Brief: Reproduce every line of the material below exactly. No pictures belong in the copy.

Information supplied:
------------------------------

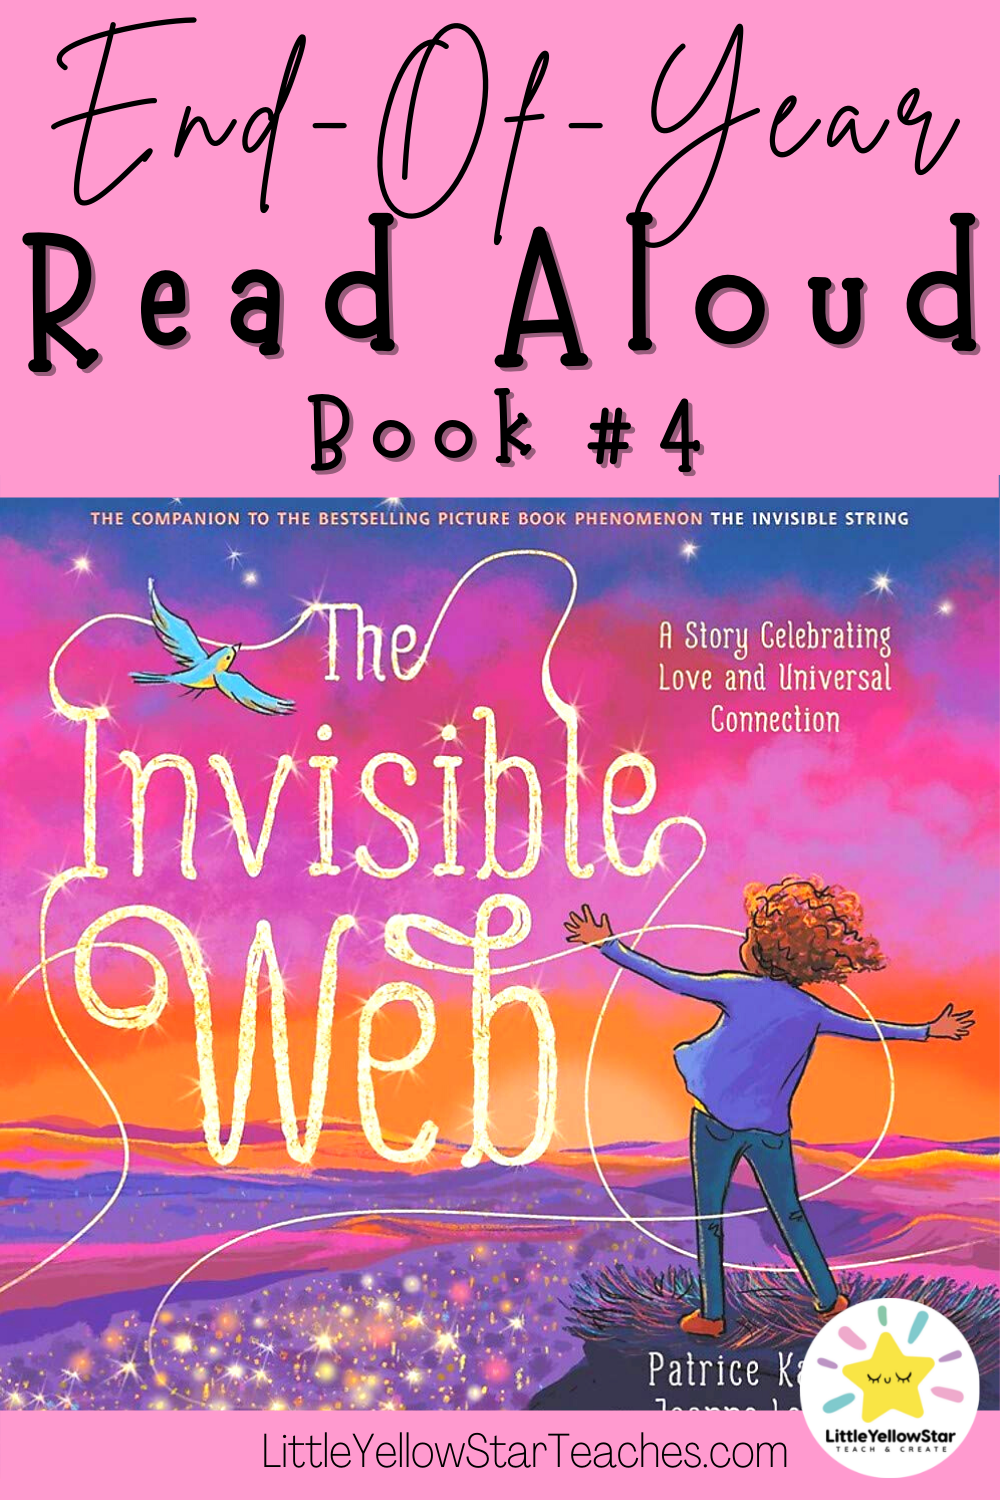 End of Year Read Aloud Book and Activities with The Invisible Web by  Patrice Karst - LittleYellowStar
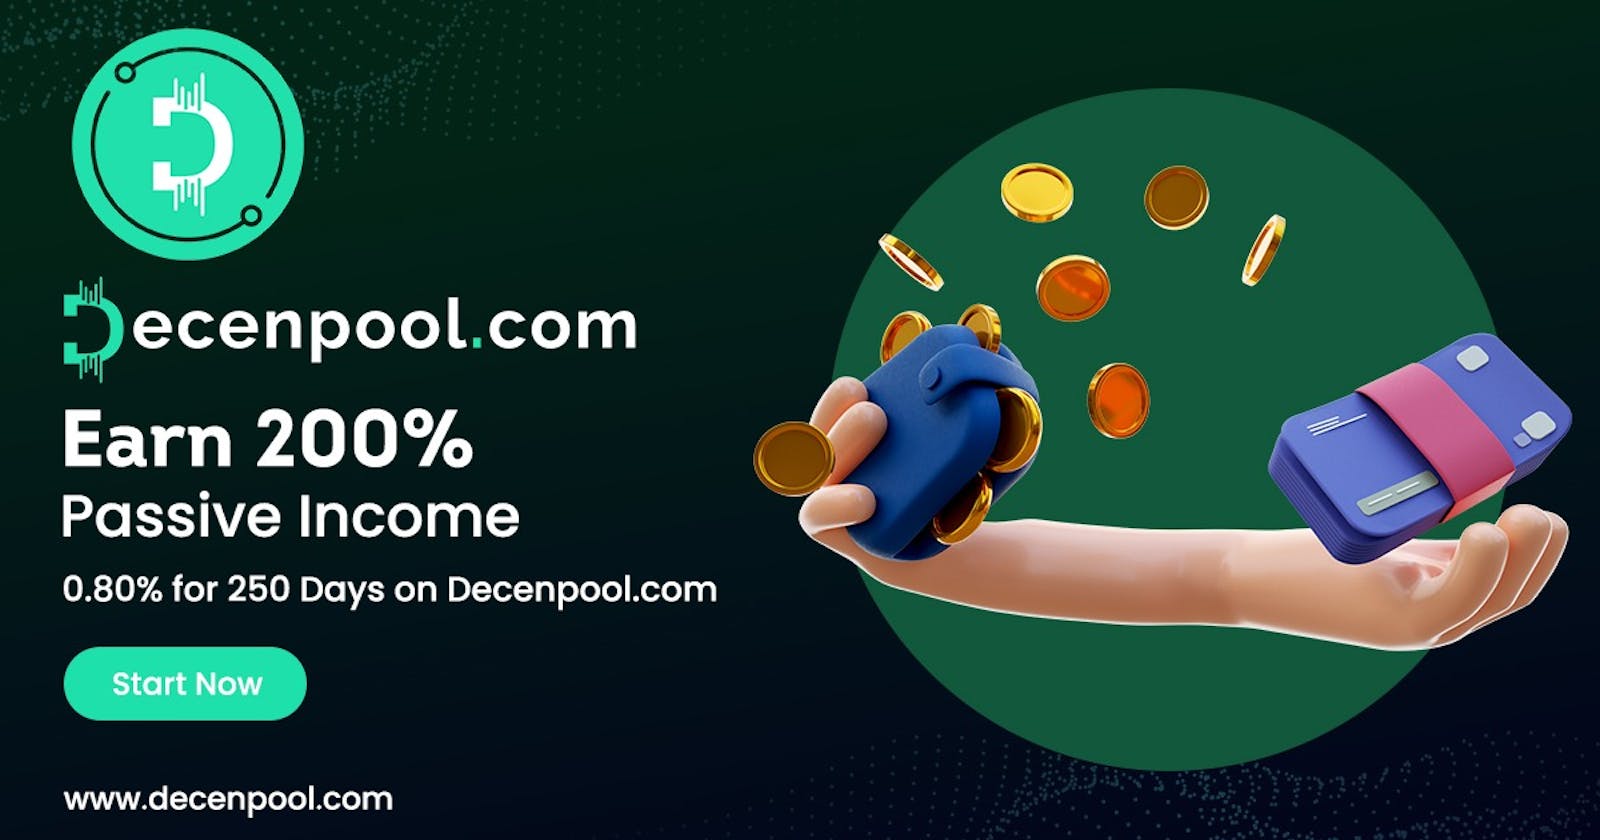 What is DecenPool Passive Earning? Let’s Take a Quick Look!
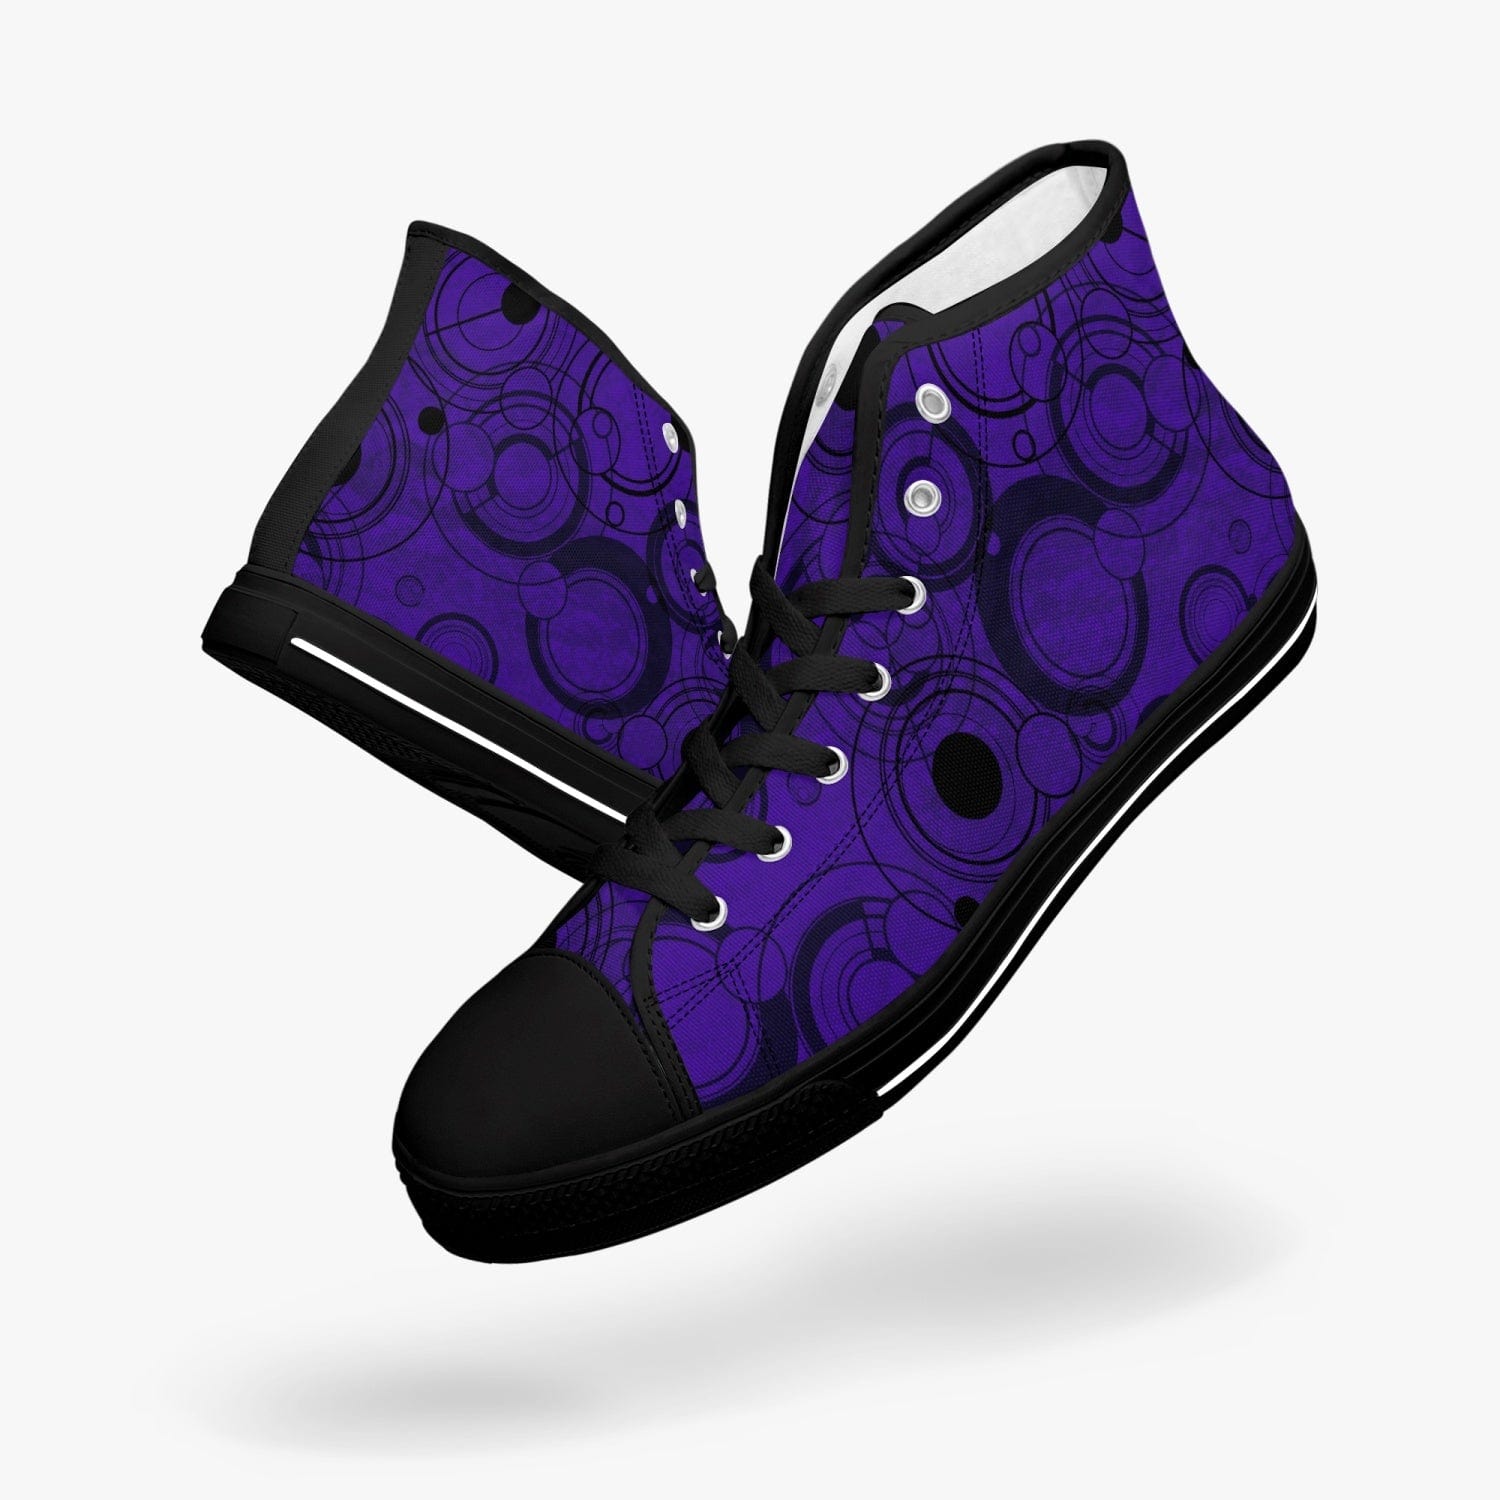 Women's Time Lord Gallifreyan Gallifrey language retro sneakers in a vivid gothic purple at Gallery Serpentine
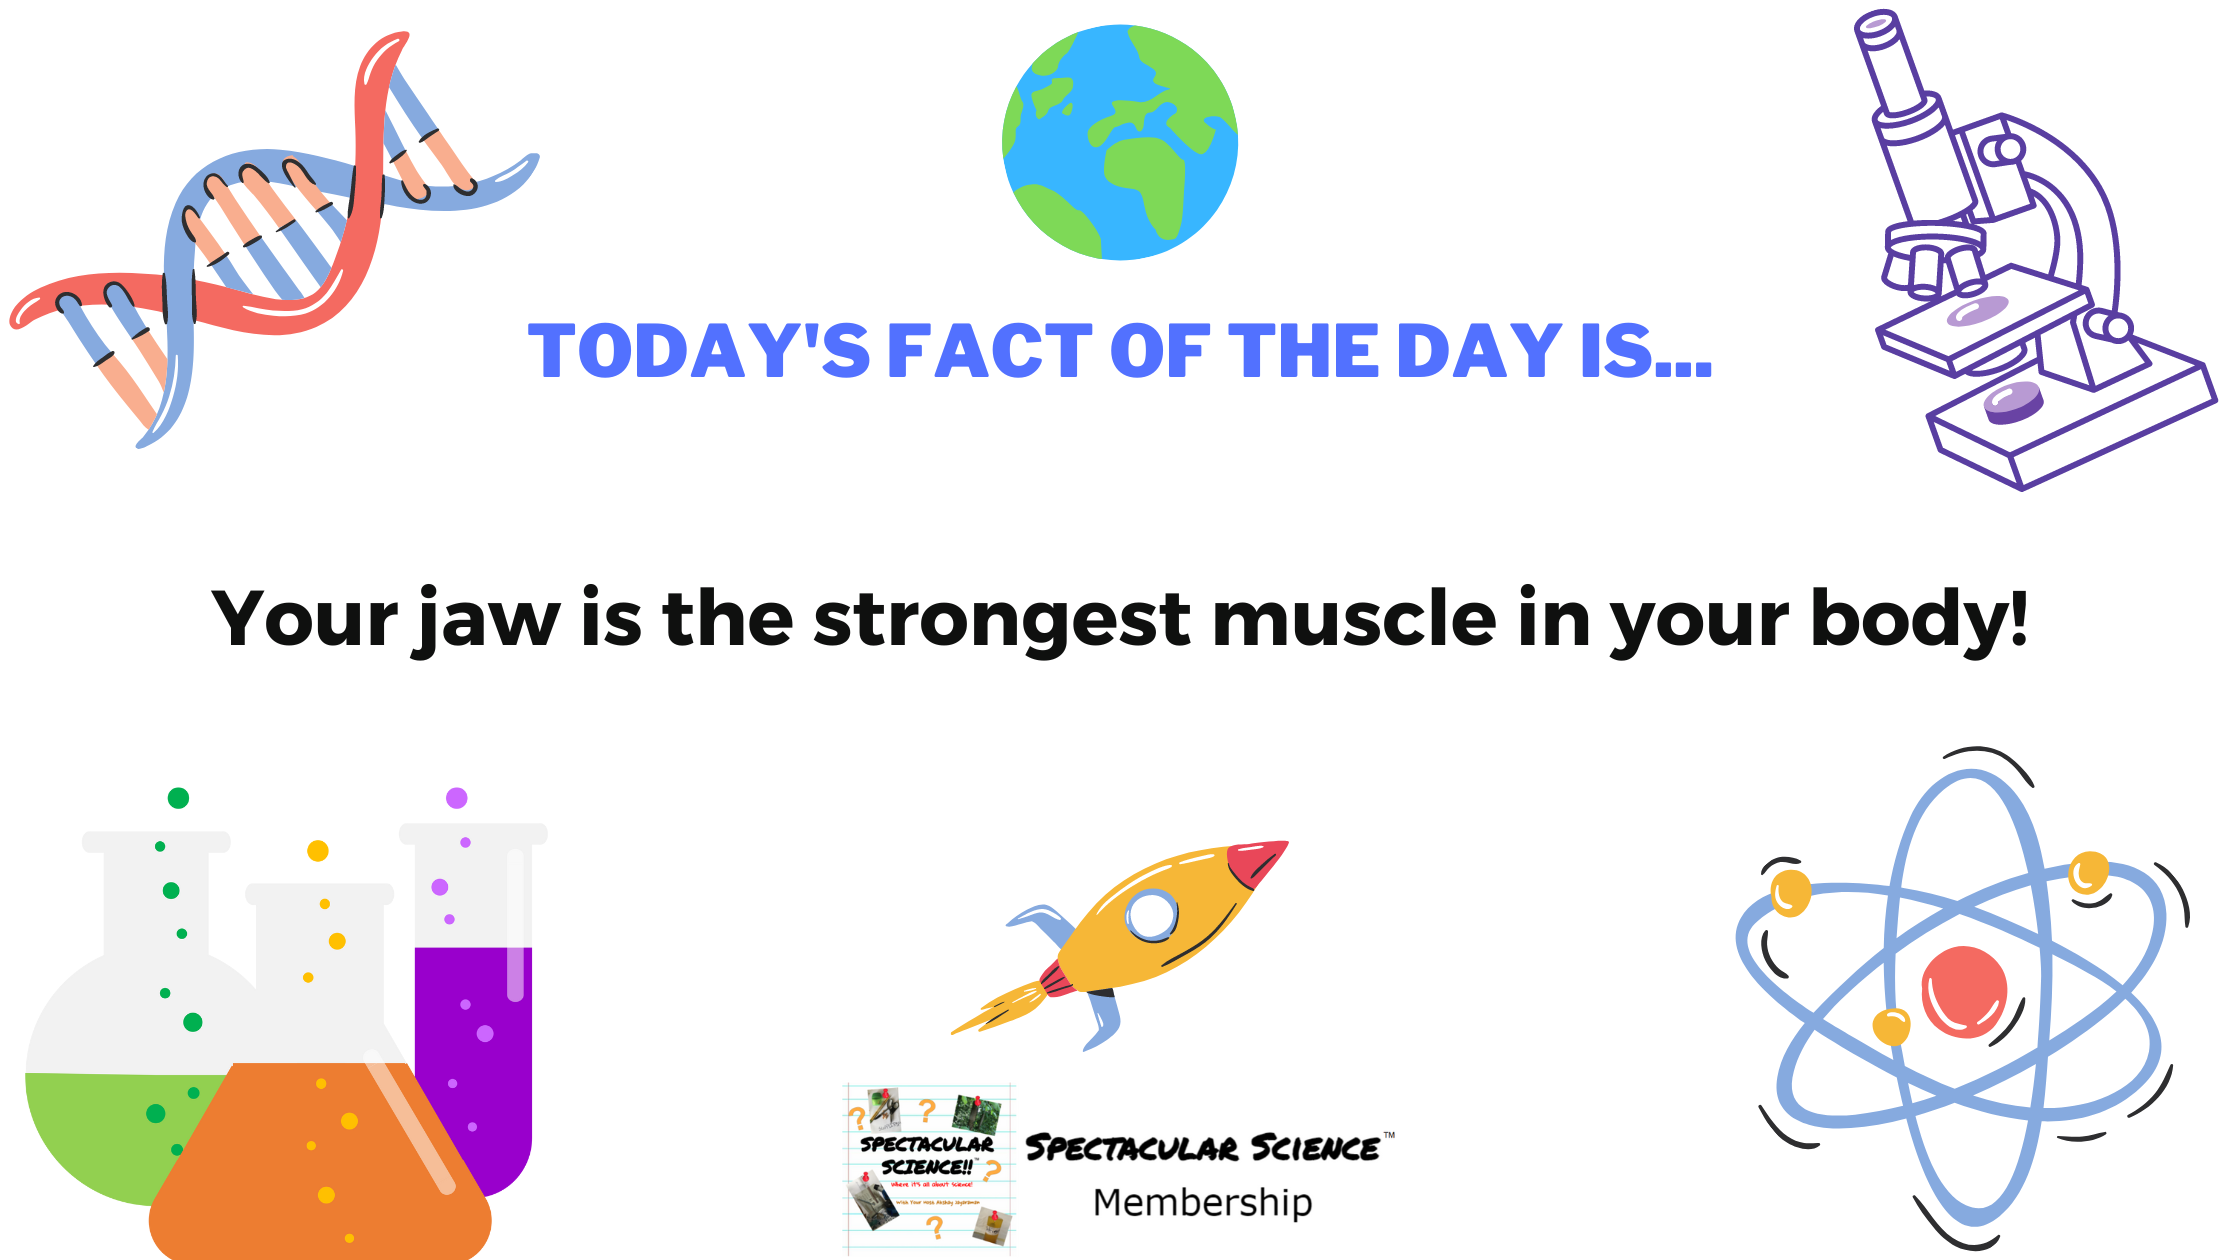 Fact of the Day Image July 22nd

------------------------------

Answer for the task:
 End of Year Read Aloud Book and Activities with The Invisible Web by  Patrice Karst - LittleYellowStar
 What is DecenPool Passive Earning? Let’s Take a Quick Look!
 Women's Time Lord Gallifreyan Gallifrey language retro sneakers in a vivid gothic purple at Gallery Serpentine
 Fact of the Day Image July 22nd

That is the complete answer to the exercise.